Le récit de ton épopée réveille aussi des sentiments plus complexes puisque mâtinés de certains regrets par rapport à une époque et son état d'esprit.
...
Je suis partagé à ce propos. Je constate chaque jours qu'en général la conscience professionnelle existe toujours et je m'en étonne même, tant beaucoup n'ont rien à attendre de bon du monde du travail. Tout simplement, pour la plupart des êtres humains (pas tous), la volonté de bien finir ce qu'on a commencé l'emporte sur le reste. Cela peut donner parfois le pire (exemple: la défense acharnée et inutile de Berlin en avril 1945) mais le plus souvent c'est le meilleur. C'est même à mon avis ce qui fait encore tenir debout ce qu'il reste de notre économie.
Car il ne faut pas oublier que Bernard a eu la chance de pouvoir se consacrer à 100% à son travail sans se demander s'il serait encore là l'année suivante, si ses revenus ne baisseraient pas de 30%, s'il aurait une retraite et si son chômage dans les dix dernières années avant ladite retraite serait ou pas indemnisé. Il a eu la chance de pouvoir étudier les problèmes à fond sans se voir reprocher de "faire plus que ce qui était prévu dans le contrat" ou de "passer trop de temps". Un de ses derniers post montre pourtant que, juste après sa retraite, il a goûté comme consultant à la désinvolture avec laquelle on traite les acteurs du monde du travail au gré des caprices budgétaires, voire des caprices tout court.
Vous allez me dire que la SNCF, espace protégé (on le lui reproche assez souvent), n'est pas concernée par ce que je décris.

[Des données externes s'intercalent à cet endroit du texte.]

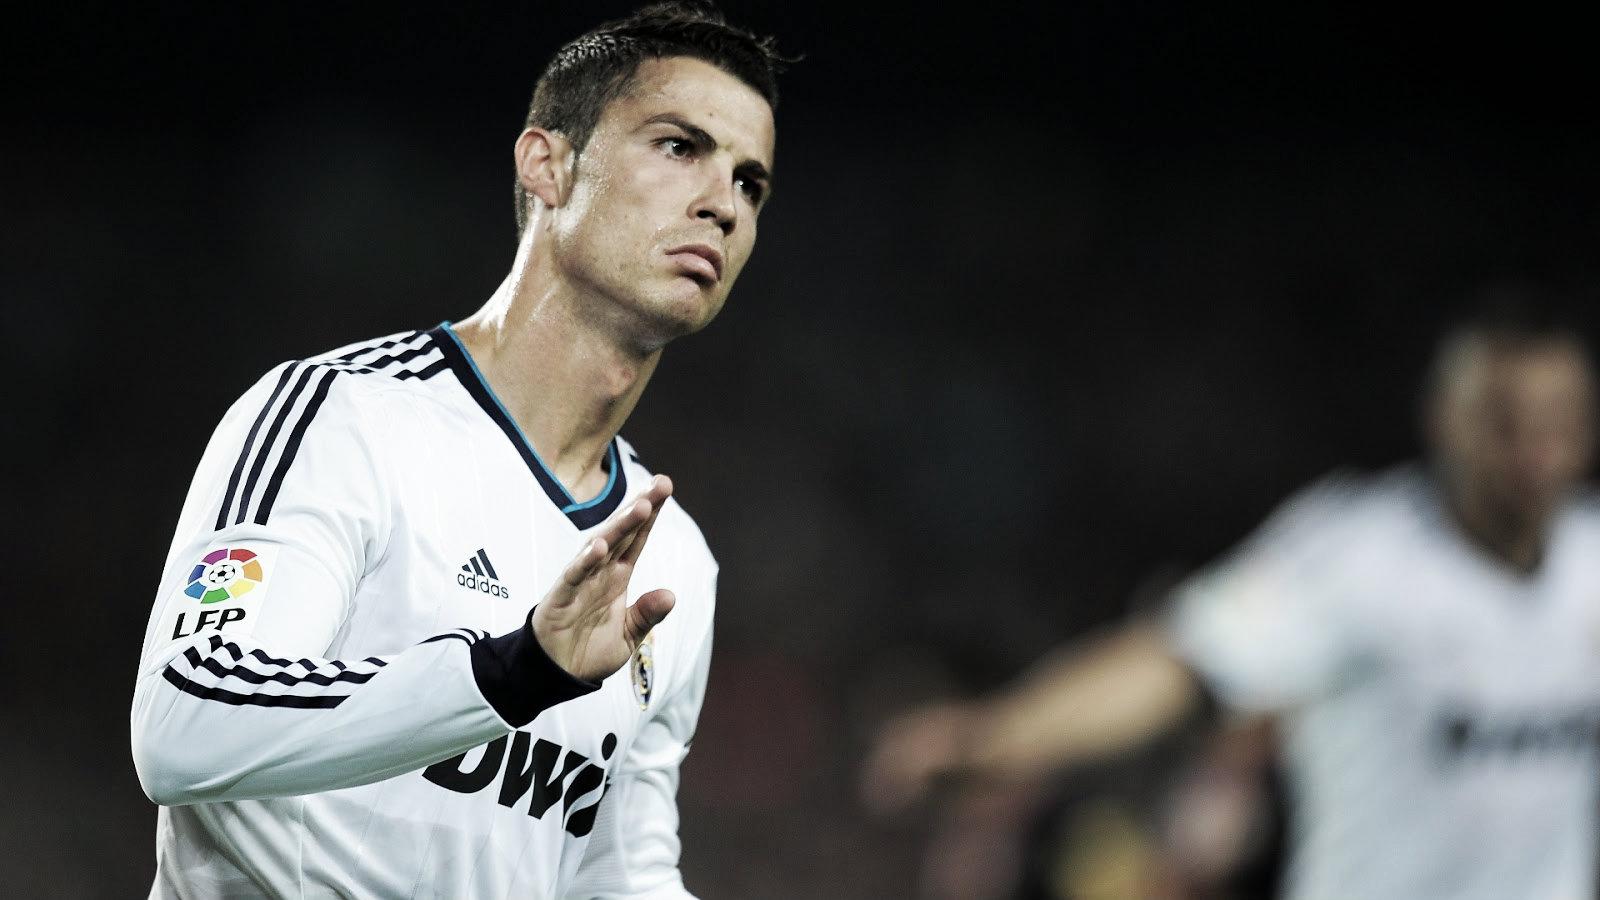 Real Madrid 2012/13: Cristiano Ronaldo

Je vous répondrai que si pour le raisons suivantes:
- les agents SNCF ne vivent pas sur une exoplanète. Ils ont des proches qui sont concerné par ce que j'ai écrit, et qui ont dû se construire une carapace de relative indifférence au travail par simple réflexe de survie. Ils ont des épouses, des enfants, des neveux touchés par le chômage, les difficultés d'intégration ou le stress, voire le "burn out", pour ceux qui ont la chance d'être "in". Difficile d'échapper à l'ambiance générale, même si on n'est pas immédiatement concerné pour sa propre personne.
- mieux, ou pire, pour ceux qui, comme Bernard le faisait, travaillent dans un bureau d'étude, ils côtoient quotidiennement des externes avec qui ils travaillent et nouent des liens professionnels, amicaux (voire plus parfois). Or ils savent que ces externes sont une variable d'ajustement sans préavis à la moindre restriction budgétaire. J'aimerais savoir combien de projets ont été annulés et d'externes mis dehors à la suite de l'affaire des "TER trop large" (un vrai faux-problème d'ailleurs mais ce n'est pas le sujet).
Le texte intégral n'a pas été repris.